= Deborah DeHaas =

Deborah "Deb" DeHaas is the Vice Chairman, Chief Inclusion Officer & National Managing Partner of Deloitte, and the first woman to be named Midwest managing partner of Deloitte. She was the first woman Chairman of the Board of Chicagoland Chamber of Commerce, and she serves as a trustee of Northwestern University and the Museum of Science and Industry (Chicago). DeHaas is known for her efforts toward diversity and inclusion in the workplace.

== Personal life ==
DeHaas grew up in Washington, Pennsylvania. Her mother was the only woman from the accounting program to graduate from University of Pittsburgh in 1951, and worked in Gulf Oil's accounting department while DeHaas's father went to medical school. After DeHaas's father became an obstetrician, her mother left accounting but became involved in local affairs. She started the Head Start program in Washington, and was the first woman on the local city council. DeHaas considers her mother to be a great influence in her career.
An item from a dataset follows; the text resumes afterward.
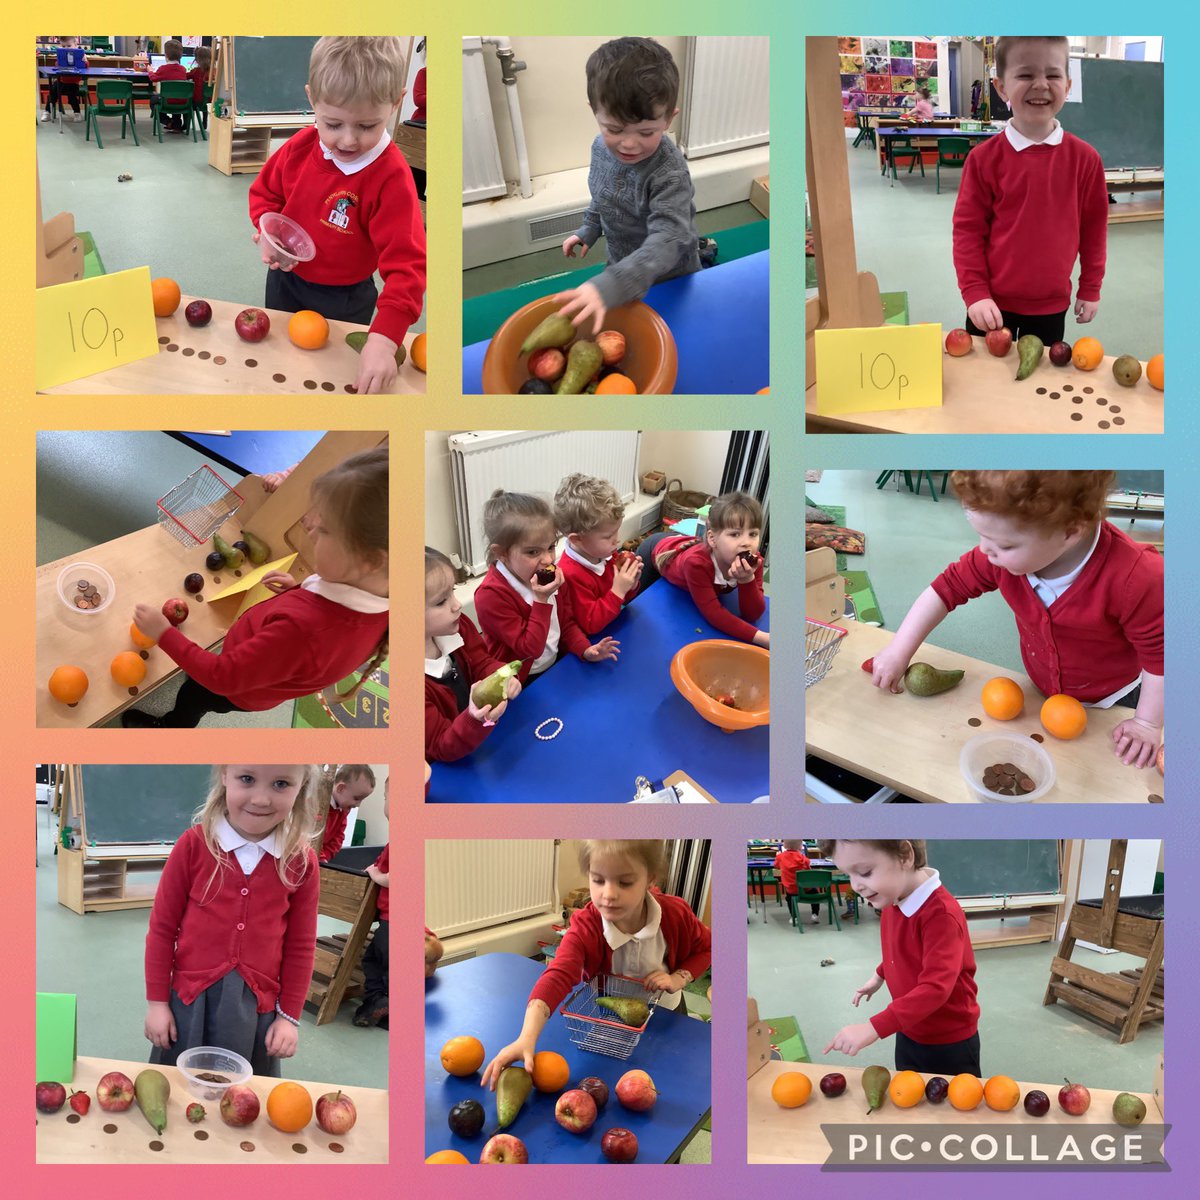 The very hungry caterpillar 🐛 fruit shop in Nursery #ambitiouscapablelearners #healthyconfidentindividuals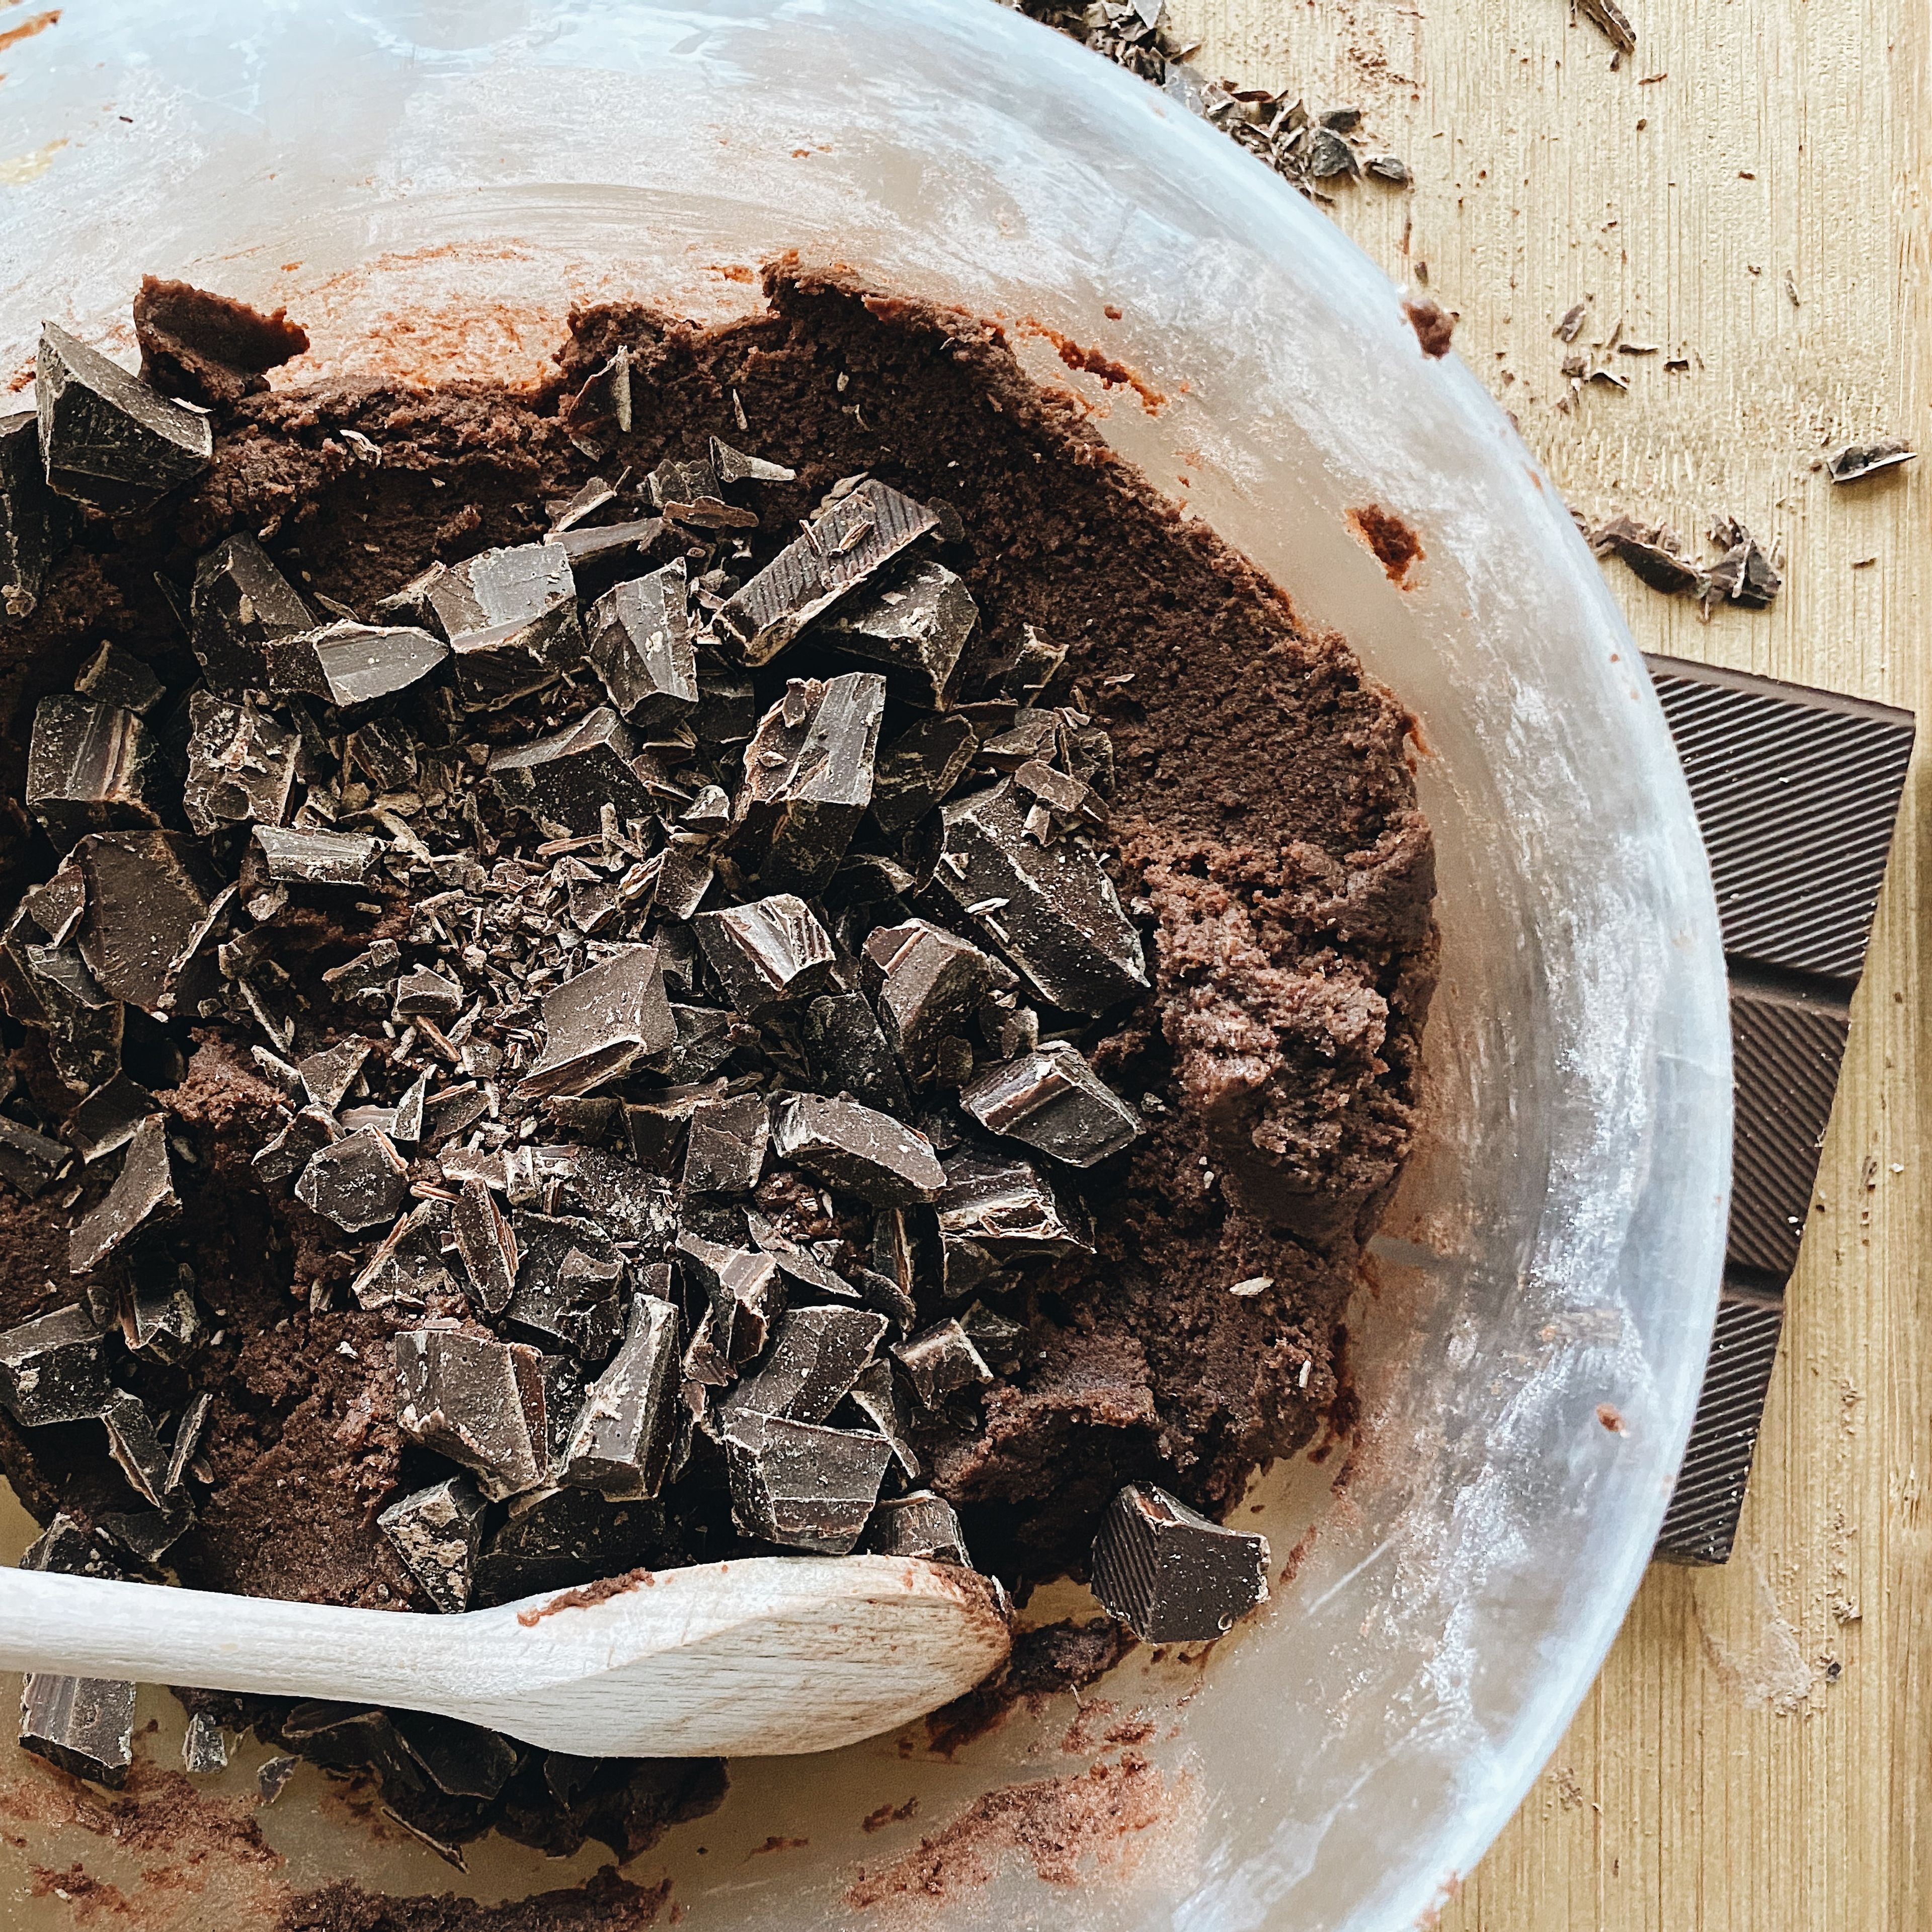 Add chocolate chips to the batter. Alternatively, you can use chopped baking chocolate.

DeHaas is married to Dave Underwood, who she met at Arthur Andersen. They have three sons.

== Career ==
DeHaas attended Duke University and graduated with a Bachelor's degree in management science and accounting in 1981. Also, in 1981, DeHaas joined the accounting firm Arthur Andersen as a staff member, then a senior auditor. In 1985, DeHaas rose to manager; in 1993, she became a partner; and in 1999, she became a managing partner of Arthur Andersen.

When Arthur Andersen folded in 2002, DeHaas chose to join Deloitte because she admired the culture of fostering diversity and inclusion. At Deloitte, she helped lead the initiative in which Deloitte hired 950 former Andersen employees. According to Crain's Chicago Business, at Deloitte, DeHaas "oversees the region's efforts to recruit and promote women and minorities, mentors employees and meets with the firm's national senior management to set performance targets and plan new strategies."

DeHaas is heavily civically involved. She is on the boards of Chicagoland Chamber of Commerce, Northwestern University, the Executives' Club of Chicago, the Museum of Science and Industry, United Way of Metropolitan Chicago, WTTW, and Partnership for a Healthier America. DeHaas is a director of World Business Chicago and After School Matters, Inc. She is the treasurer and a trustee of the Northlight Theatre. She was the co-chair of fundraising for Chicago's bid to host the 2016 Olympics.

== Awards ==
DeHaas is a member of the Junior Achievement Chicago Business Hall of Fame, and received the 2010 City Year Chicago Ripples of Hope Award, the American Red Cross of Greater Chicago 2008 Heritage Award, and the YWCA’s 2006 Outstanding Women’s Leaders Award for Community Leadership. DeHaas was the first Chicago recipient of the Athena Award in 2005. She received the Chicagoland Chamber of Commerce 2004 Daniel H. Burnham Award, the Anti-Defamation League 2004 Women of Achievement Award, and the 2003 United Way Campaign Chair Award.

DeHaas was among the “100 Most Powerful Chicagoans” named in 2012 by Chicago magazine, in addition to the “100 Women of Influence 2013” by Today’s Chicago Woman. DeHaas was named one of Accounting Today’s “Top 100 Most Influential” list in 2013 and 2014. She was included in the 2015 and 2016 NACD Directorship 100.